A recent vote to suspend the San Francisco local cannabis business tax through the end of next year earned unanimous support for the measure, as KPIX reports. It was a proposal that city supervisor Rafael Mandelman said would help licensed businesses compete and, ideally, thrive against the pull of the illicit market.   

The tax was set to go into effect Jan. 1, the result of a 2018 ballot measure that local voters approved. The original ballot language proposed a 1-5% tax on gross receipts, citywide.

However, a lot has happened in the last three years in California.

Increased taxation—from the state level on down to counties and municipalities—has tied up cash flow and handcuffed licensed operators to a hefty financial imbalance, according to market observers and trade associations monitoring the post-Prop. 64 situation. Meanwhile, illicit operators are raking in $8 billion annually—double the market size of the licensed, regulated and taxable cannabis landscape in the state.  

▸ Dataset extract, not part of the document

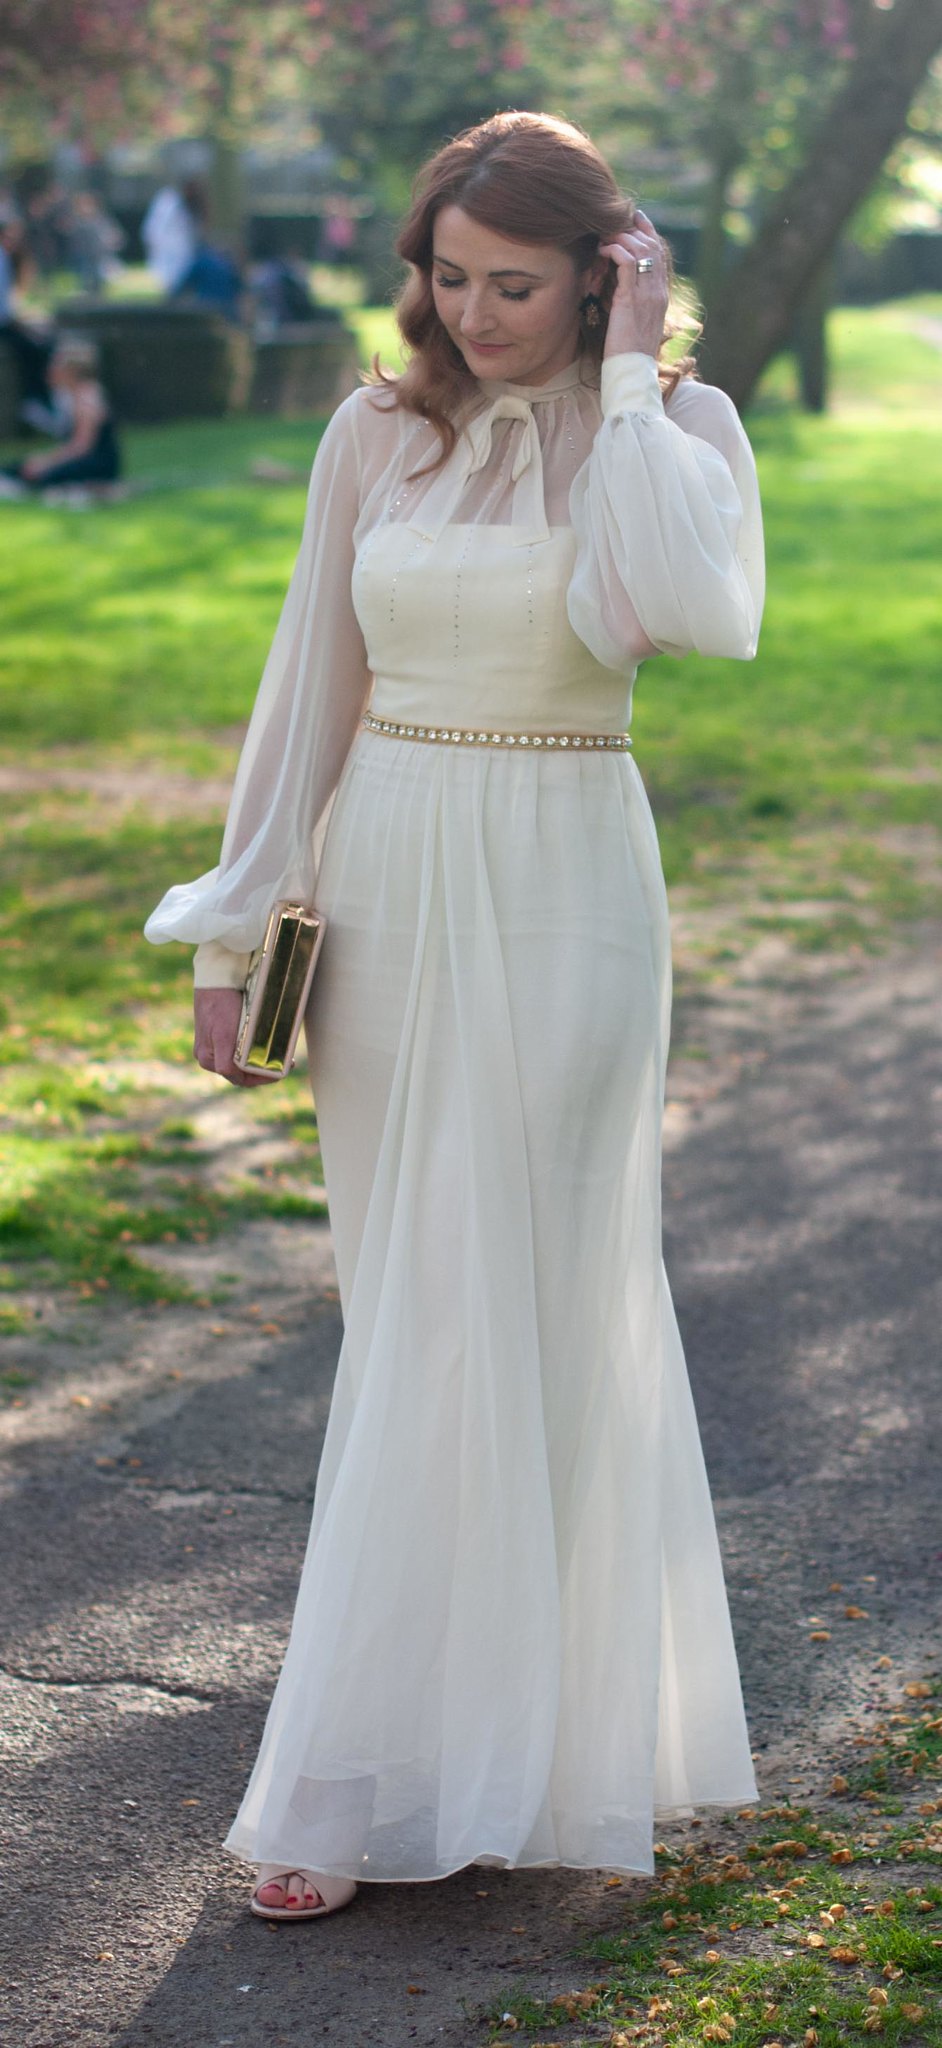 An Ethereal Vintage Evening Dress for the UK Blog Awards: Ivory 70s chiffon dress with balloon sleeves, rhinestones on the bodice and a high neck with pussy bow | Not Dressed As Lamb, over 40 style blog

“Cannabis businesses create good jobs for San Franciscans and provide safe, regulated products to their customers,” Mandelman said in a public statement. “Sadly, the illegal market is flourishing by undercutting the prices of legal businesses, which is bad for our economy as illegal businesses pay no taxes while subjecting workers to dangerous conditions and consumers to dangerous products. Now is not the time to impose a new tax on small businesses that are just getting established and trying to compete with illicit operators.”